A data breach at a Canadian accounting firm triggers PIPEDA breach notification obligations and potential OPC investigation. Most small firms have no plan — and several active vulnerabilities.
Since 2018, PIPEDA has required organizations to report breaches to the Office of the Privacy Commissioner of Canada when the breach creates a real risk of significant harm. Accounting firms handle social insurance numbers, tax returns, banking information, and corporate financials — exactly the categories that create that risk.
Four gaps we find in most small firms
- Email document exchange. T4s, SINs, and bank statements sent via unencrypted email. If either party's account is compromised, the data is exposed.
- Shared drives without access controls. A Google Drive folder accessible to every employee, including former staff whose access was never revoked.
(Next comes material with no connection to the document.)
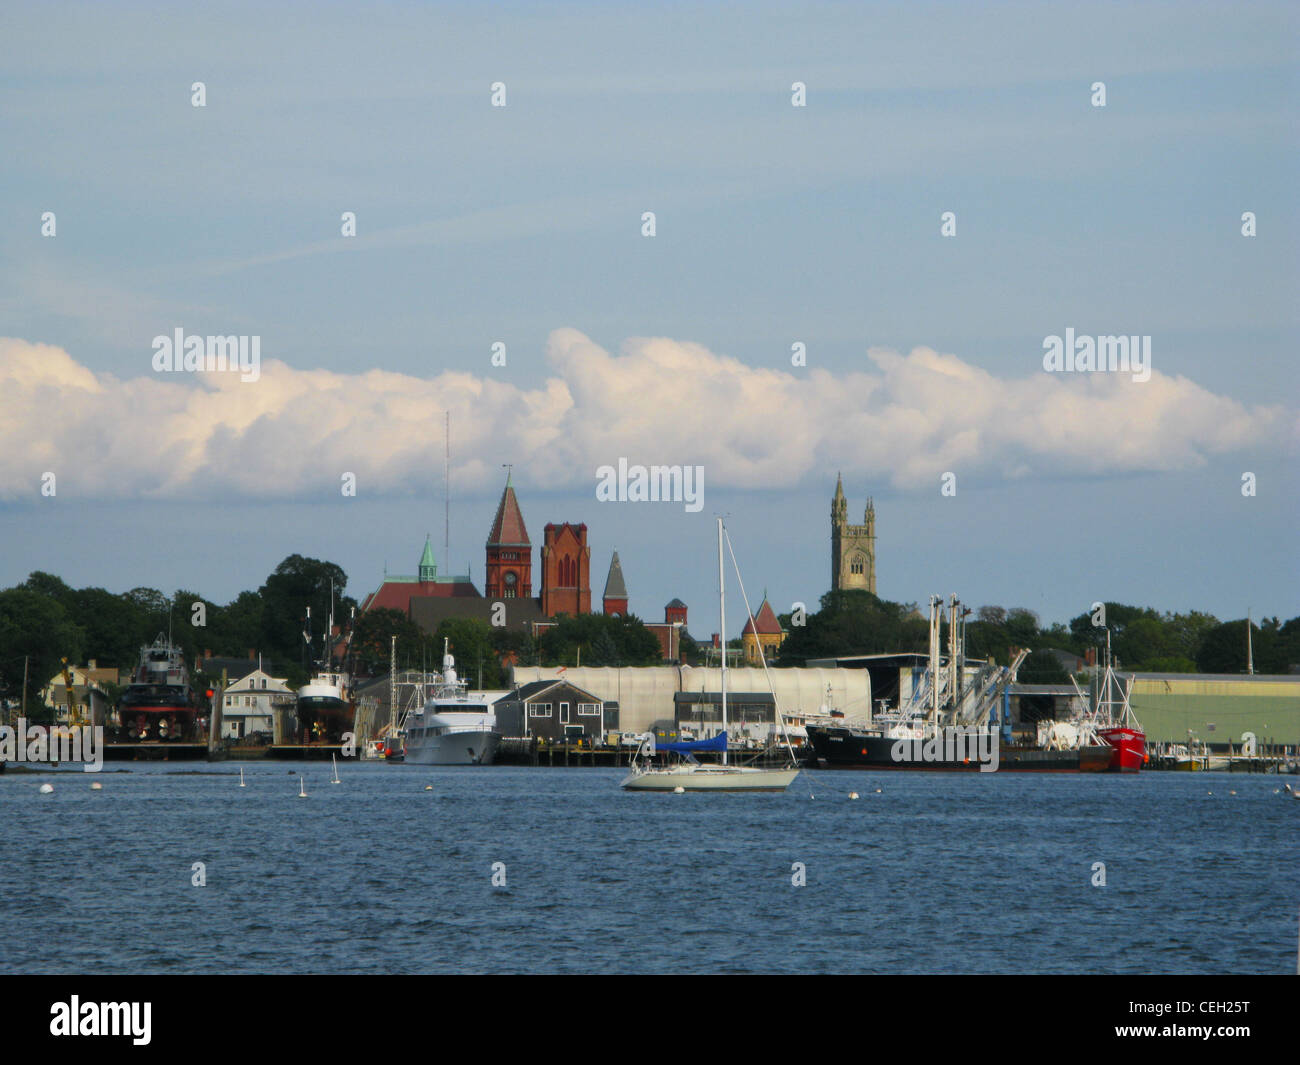 Puertos marítimos de inglaterra fotografías e imágenes de alta resolución -  Página 3 - Alamy

- No multi-factor authentication. QBO, email, and CRA My Accounts accessed with passwords only — one successful phishing attack exposes everything.
- No breach response plan. When a breach occurs, you need to know within 24 hours: what data was exposed, who to notify, and how to contain it.
Quick wins that reduce risk today
Enable MFA on all cloud accounts. Revoke access for former staff immediately. Move sensitive file exchange to an encrypted portal (ShareFile, TaxDome, or Karbon's client portal). Draft a one-page breach response plan that names who is responsible for what in the first 24 hours. None of these require significant budget — they require discipline.